The stretch from the line with "Percy Jackson 3: The" through the line with "Fully Spun Marled yarn - Orion" in the records below: write it out exactly, and nothing else.

**Exercise inputs:**
-- Opening Marker --
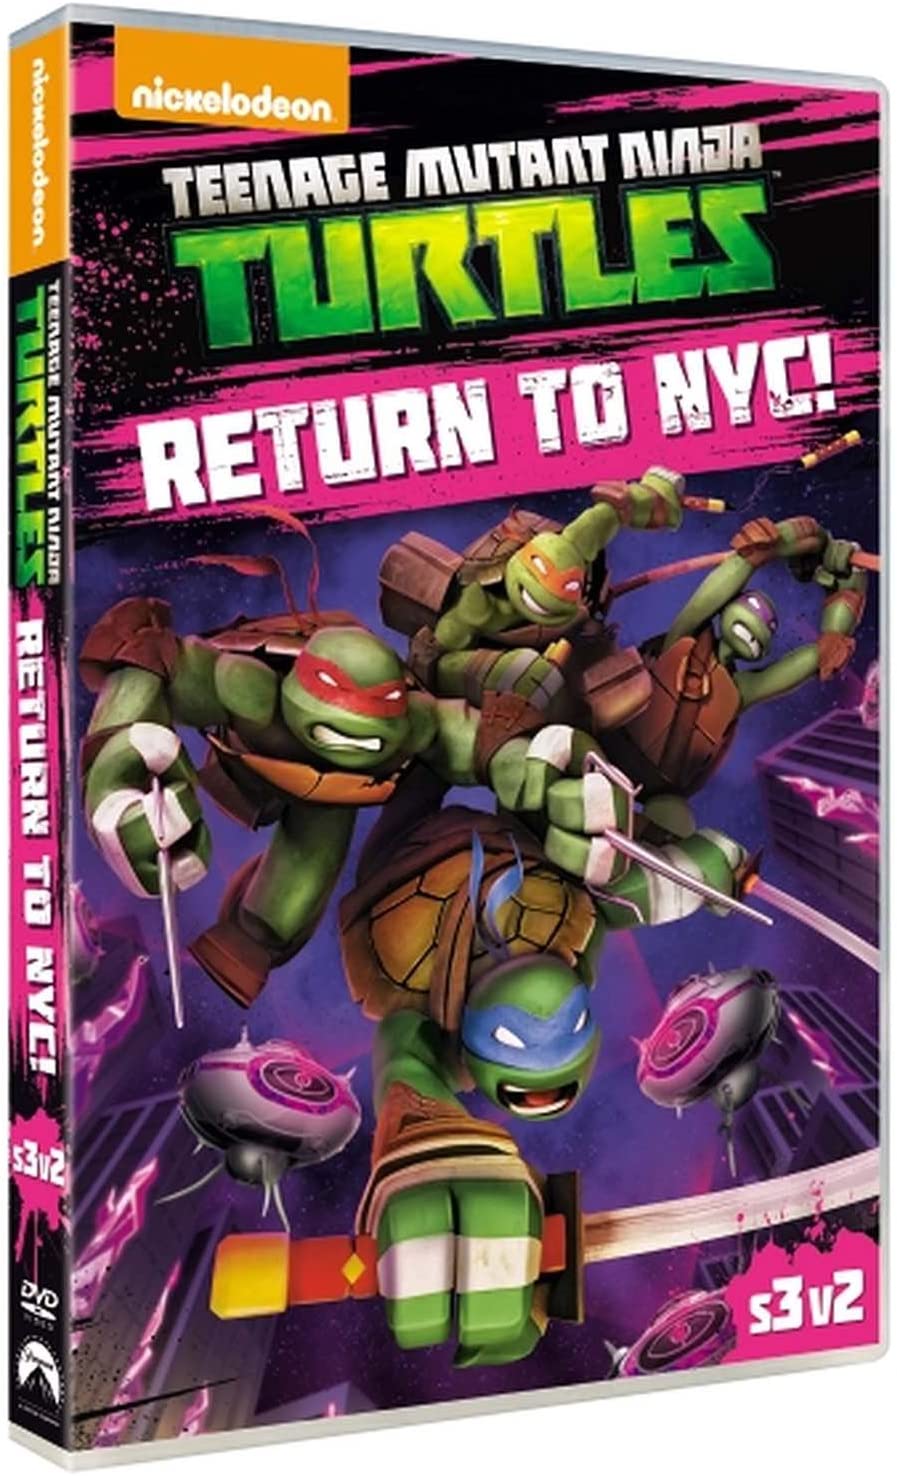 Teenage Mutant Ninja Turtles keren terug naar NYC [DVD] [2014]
-- Closing Marker --
-- Opening Marker --
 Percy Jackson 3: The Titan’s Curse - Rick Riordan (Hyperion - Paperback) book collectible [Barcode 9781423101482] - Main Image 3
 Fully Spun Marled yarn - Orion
-- Closing Marker --
**Exercise answer:**
 Percy Jackson 3: The Titan’s Curse - Rick Riordan (Hyperion - Paperback) book collectible [Barcode 9781423101482] - Main Image 3
 Fully Spun Marled yarn - Orion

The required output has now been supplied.